UMD’s Facilities Management is announcing a new program that, when implemented, will eliminate trash and recycling service in individual offices. Instead, departments will use centrally located garbage and recycling bins. “It's a growing trend across university campuses; individuals managing their own office waste has shown to increase recycling rates and reduce overall waste volume,” explains Mindy Granley, campus sustainability coordinator.
The reason for the change is partially financial. Three employees in the custodial services division have opted for early retirement and their positions will not be filled. By easing some of the office duties, the remaining staff will have more time to focus on the public spaces. "These are the places that campus visitors see. Whether that is future students and their parents, or potential faculty or staff members. First impressions of campus are important," says Granley.
But the larger motivation is sustainability. “It just makes sense to do the right thing,” says Christine Lovejoy, custodial operations and events supervisor. “It’s the right thing to do for our environment, and it helps with goal six of the strategic plan, sustainability.”

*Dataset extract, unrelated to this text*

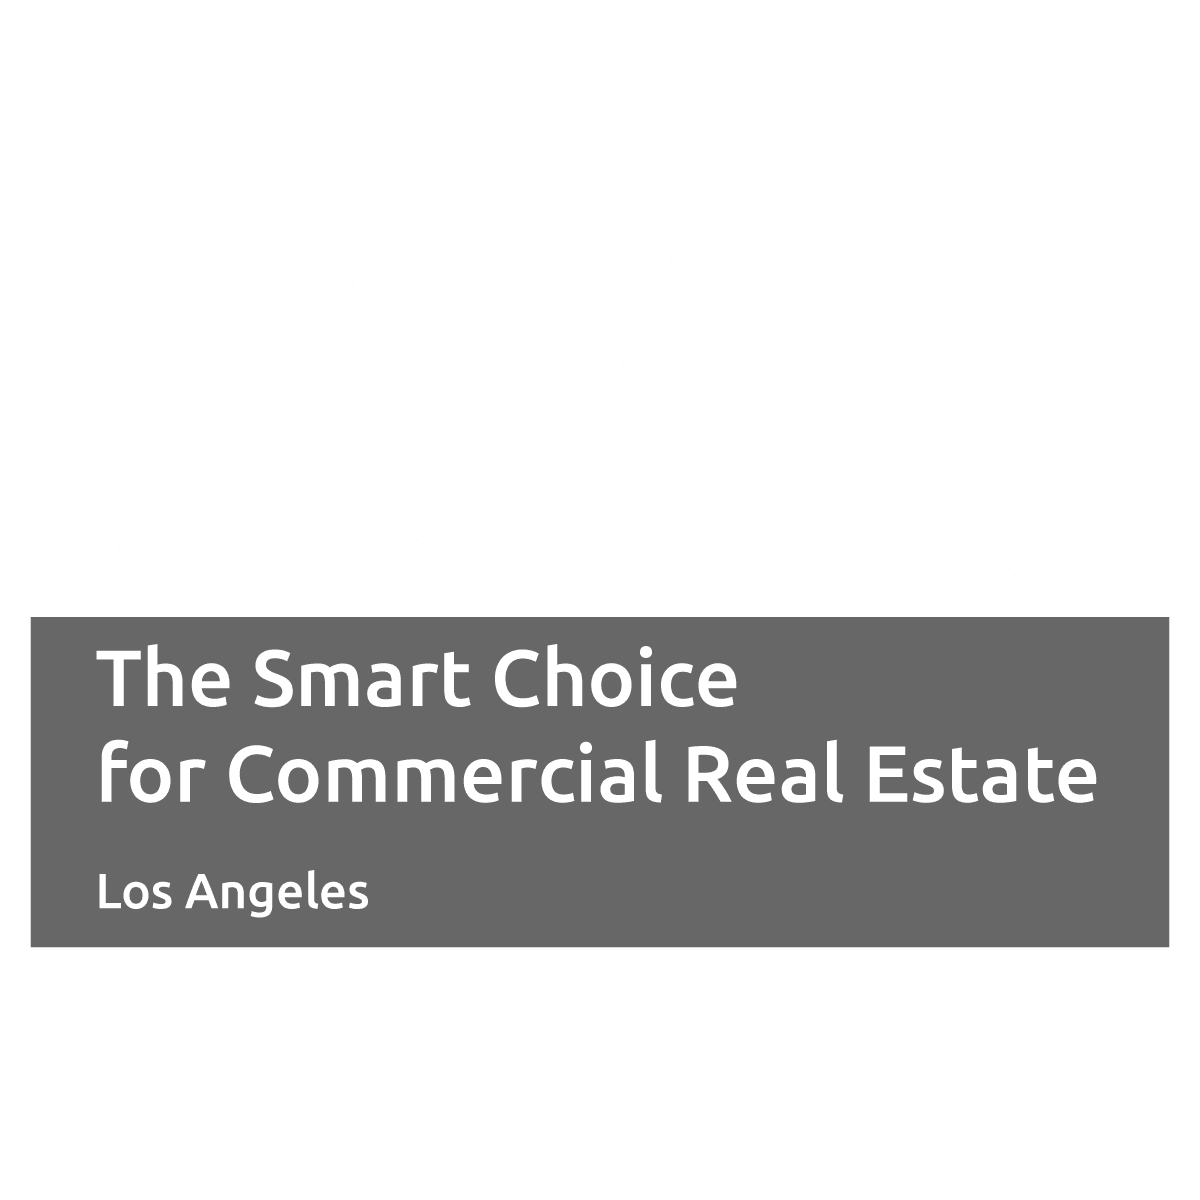 RAAM | Realty Advisors and Asset Managers, Inc. - Los Angeles
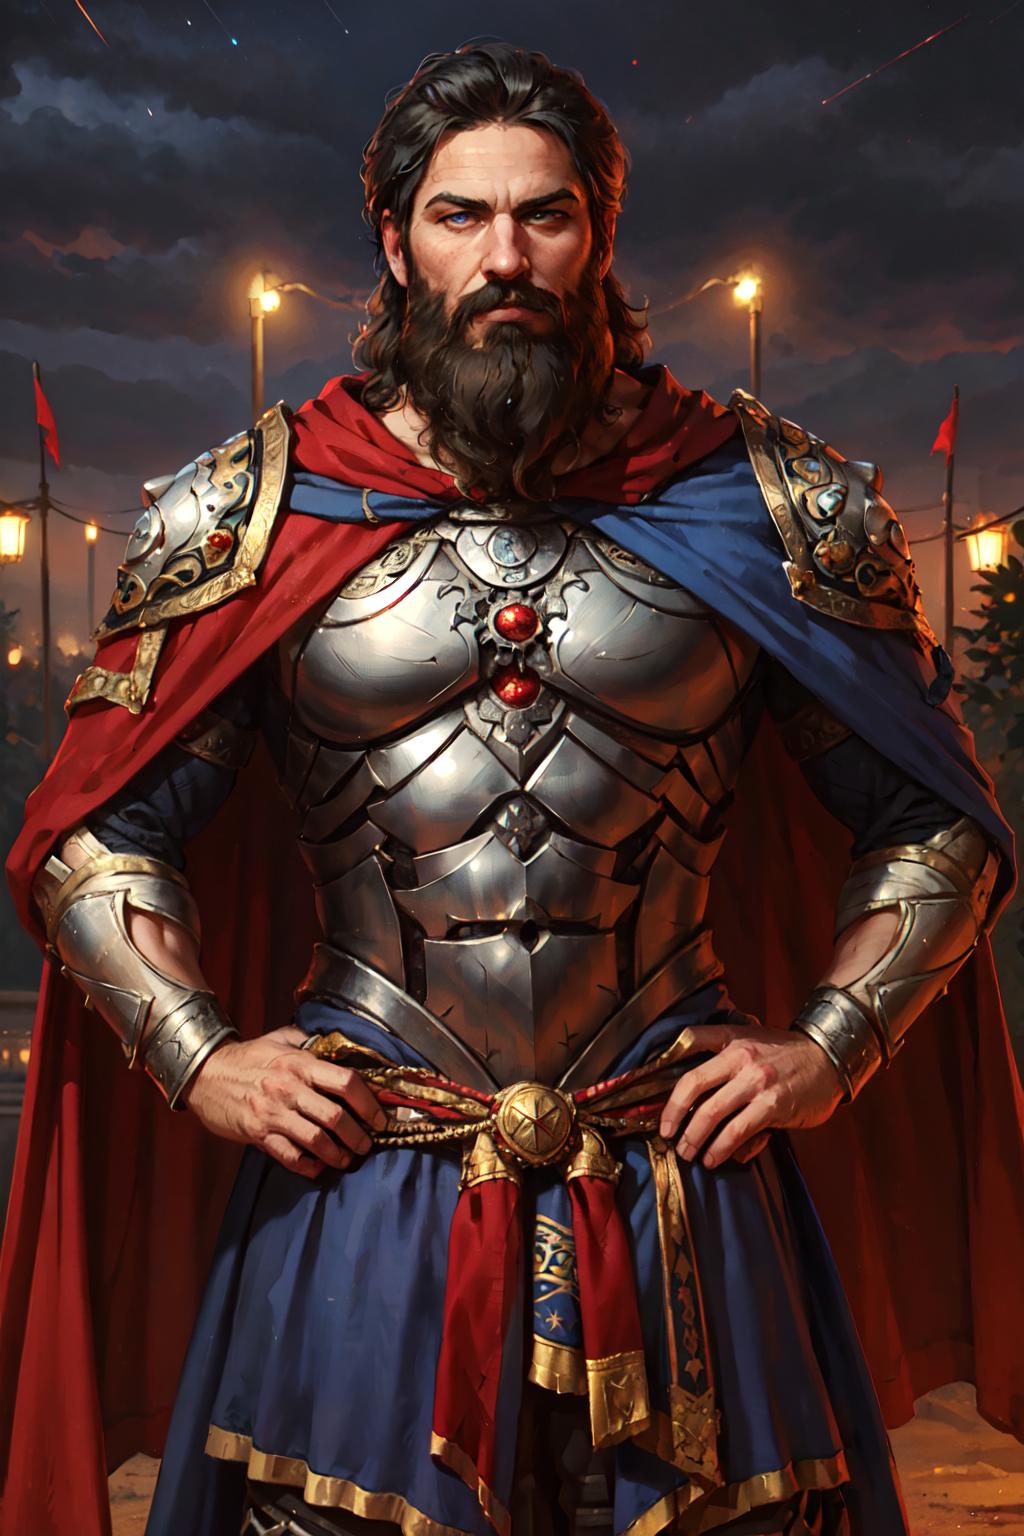 Vintage artwork of a warrior with a red cape, beard, and blue and red armor.

UMD’s Facilities Management department has been studying the issue for a few years. Here’s a closer look at the numbers:
Staff members in Darland have been participating in a pilot program for the last few years and the proof is in the (probably composted) pudding. The amount of waste was measured on a Monday before the change was implemented and on a Monday after the change was implemented. Here are the results:
Before the switch - Recyclable items made up 29% of waste sorted
After the switch - The total amount of waste sent to the landfill was reduced by nearly 20%. But more importantly, recycling items made up only 15% of waste sorted.
A 20% reduction in landfill waste
Granley thinks this is because the change promotes personal responsibility for waste generation, something Larissa Trygg, who works in the development department in Darland, can attest to. “It makes me think cognitively of what I put in the trash and what I’m recycling, because it’s a smaller receptacle.”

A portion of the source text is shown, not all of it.